En este caso la condición se le hace saber al compadre de manera semi directa: “No Goyo, todavía no, yo sólo me acuesto con mis pololos“, “Prefiero que no, quiero tener la certeza de que esto no es algo pasajero“, “Pucha, es que hice una manda de sólo acostarme con parejas estables para que mi abueli dejara de fumar“.

Esta mina no está dispuesta a arriesgarse a ser casera. Le han metido en la cabeza que, luego de obtener sexo, el hombre se aburre y se va (que, como ya discutimos, también es totalmente falso), y por ende, intenta amarrarlo con un contrato para entregarle el pack premium. Hey, lo hacen las compañías de TV cable y no lo va a hacer una mina en posición de negociar.

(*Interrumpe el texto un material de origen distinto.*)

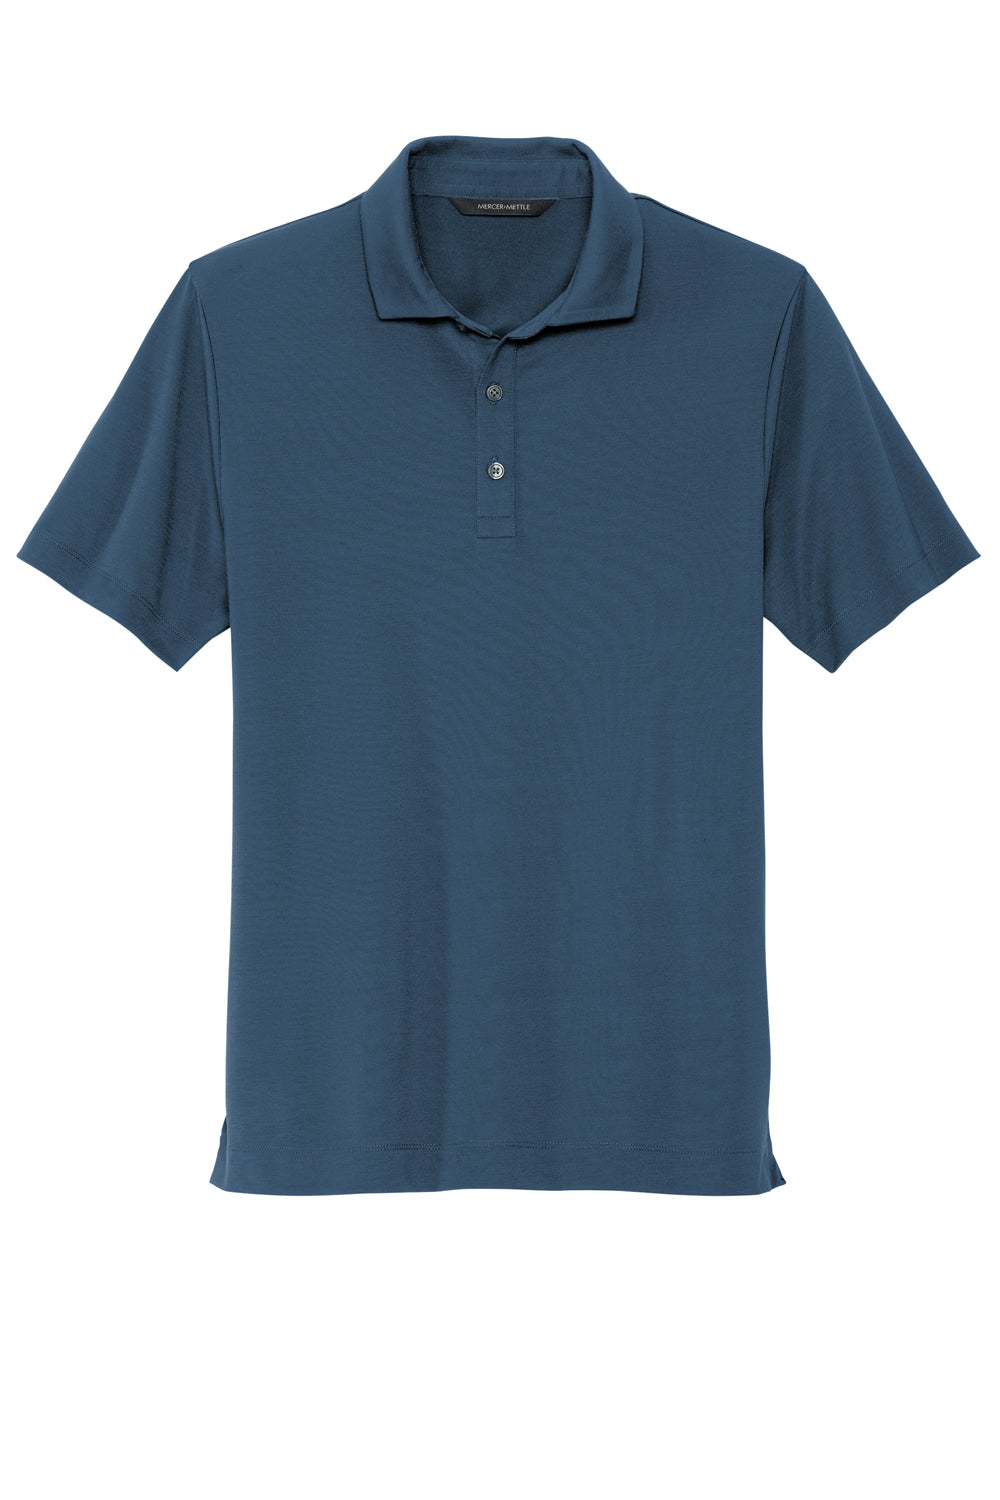 Mercer+Mettle MM1014 Stretch Jersey Short Sleeve Polo Shirt Insignia Blue Flat Front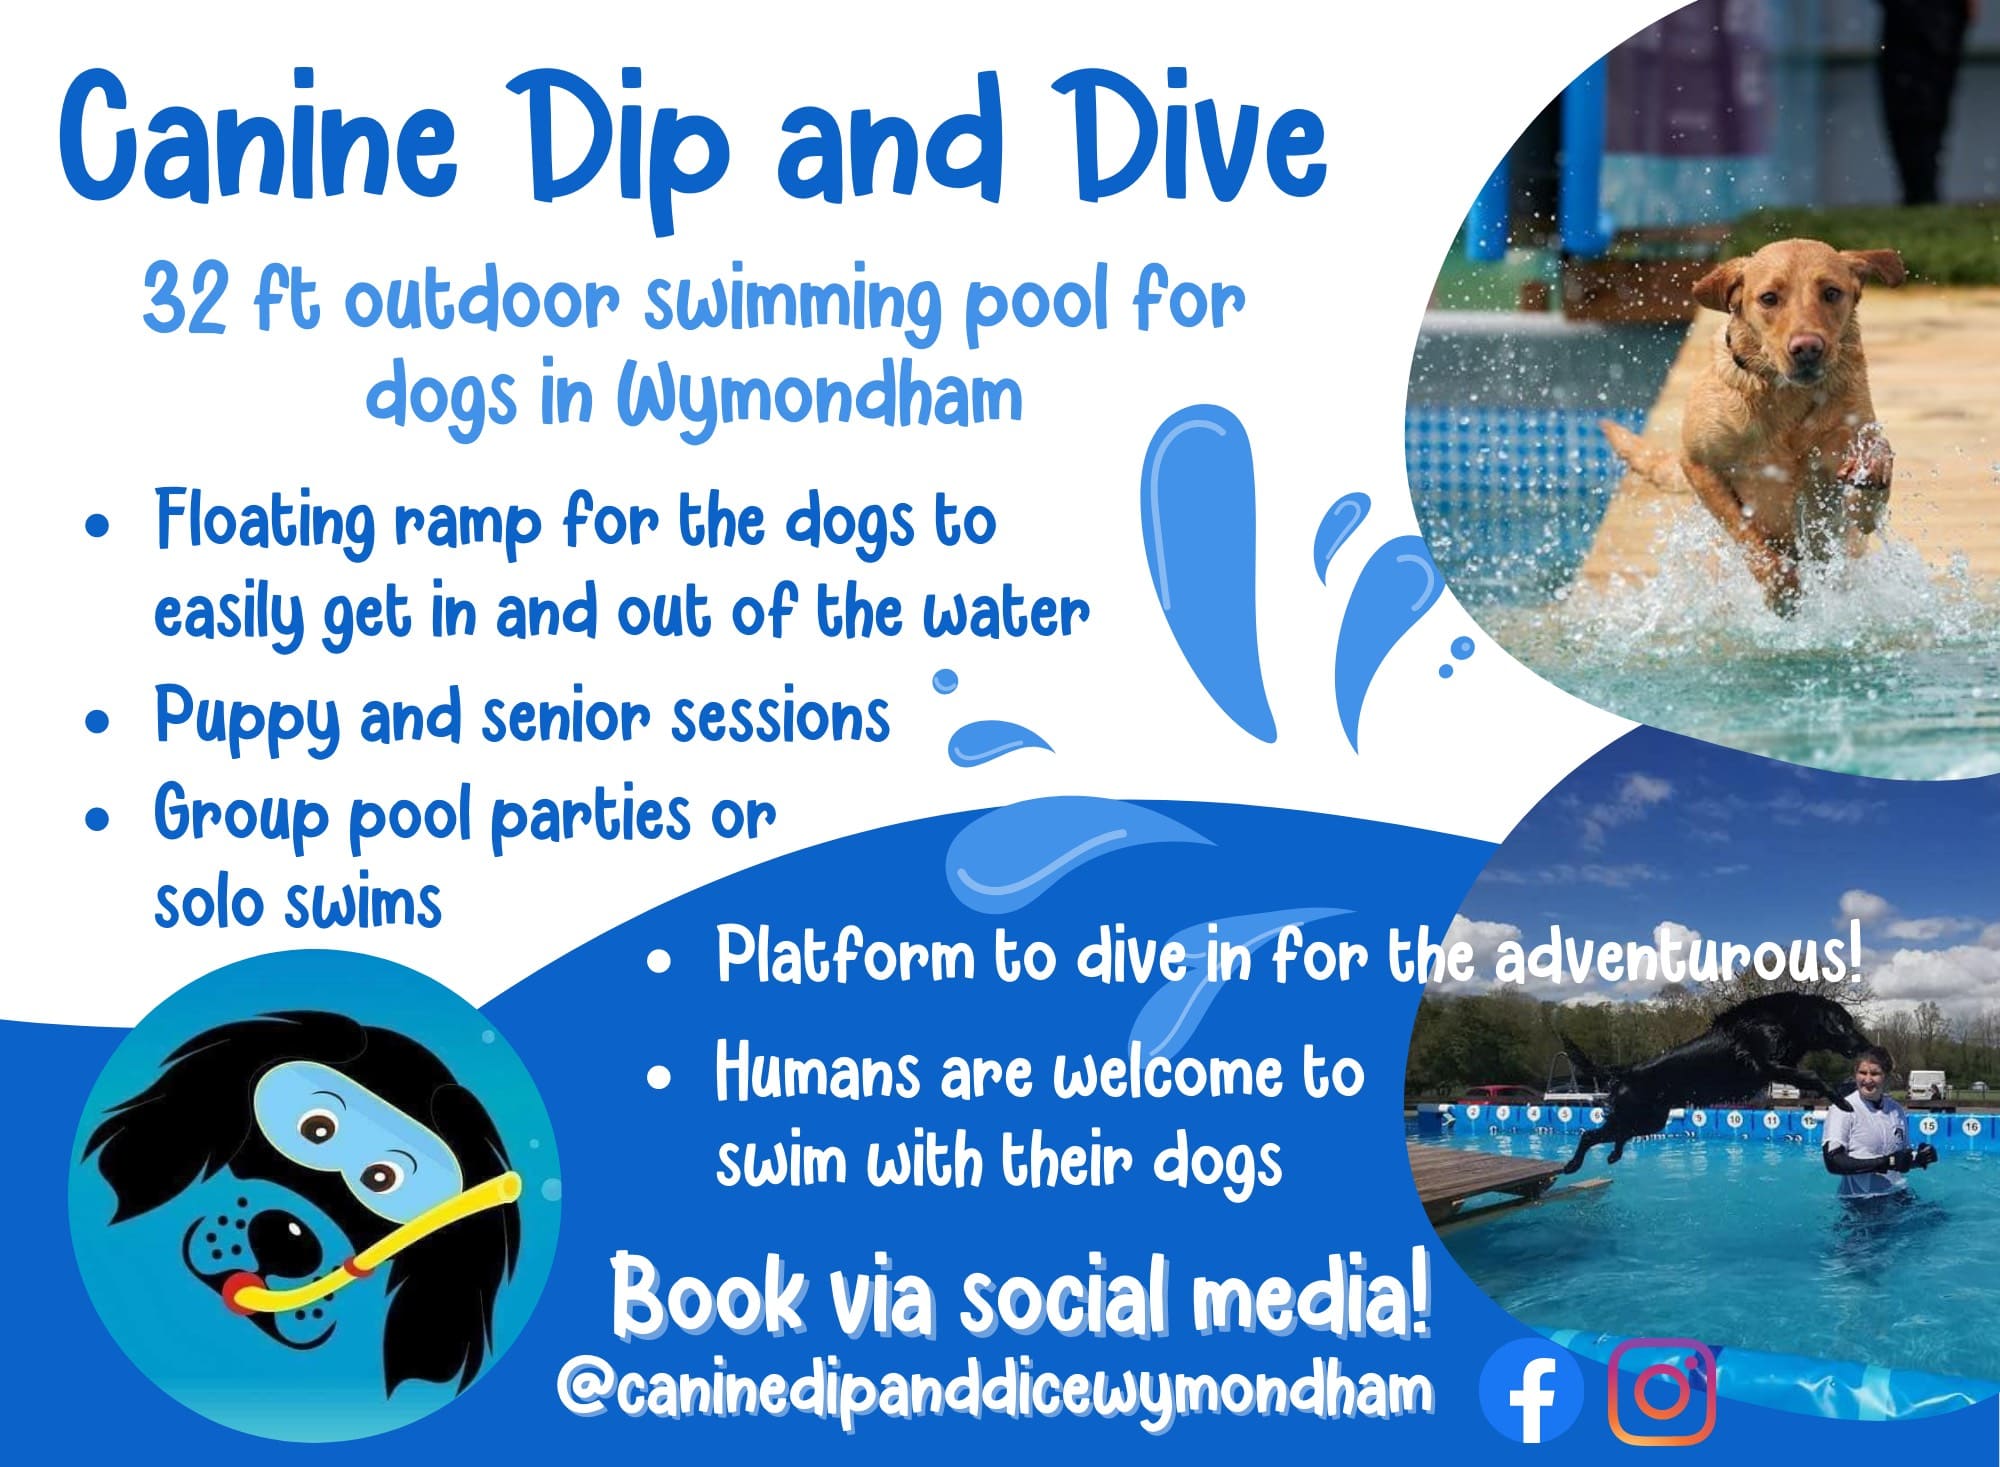 Canine Dip and Dive Advert

b) Sexo a cambio de matrimonio

Práctica habitual entre las mujeres que profesan cultos religiosos que condenan el sexo fuera del matrimonio. Con esto la mujer no sólo se asegura una conciencia libre de culpa religiosa, sino que además se garantiza techo, sustento y exclusividad.

Ahora bien, tenga en cuenta: la mujer puede NO ser virgen, y aún así exigirle a su futuro esposo el celibato previo. Incluso, la mina puede no sólo no ser virgen, sino además haber perdido la virginidad cagándose al novio, y aun así exigirle castidad al pobre. True story.

Por supuesto, la chica no necesita ser una devota para exigir roca por flor: tal como en el ejemplo anterior, ella quiere asegurarse que no la va a soltar a cambio de nada. Si percibe que puede manejar al compadre con tal de arrastrarlo a un compromiso, lo hará.

No sé si se fijan, pero hay un cierto patrón en común en esta actitud y en la anterior : la idea subyacente de que el hombre gana con el sexo, y de que la mujer no, y que por eso la mujer debe asegurarse algún tipo de beneficio. Y después dicen que no hay mujeres machistas.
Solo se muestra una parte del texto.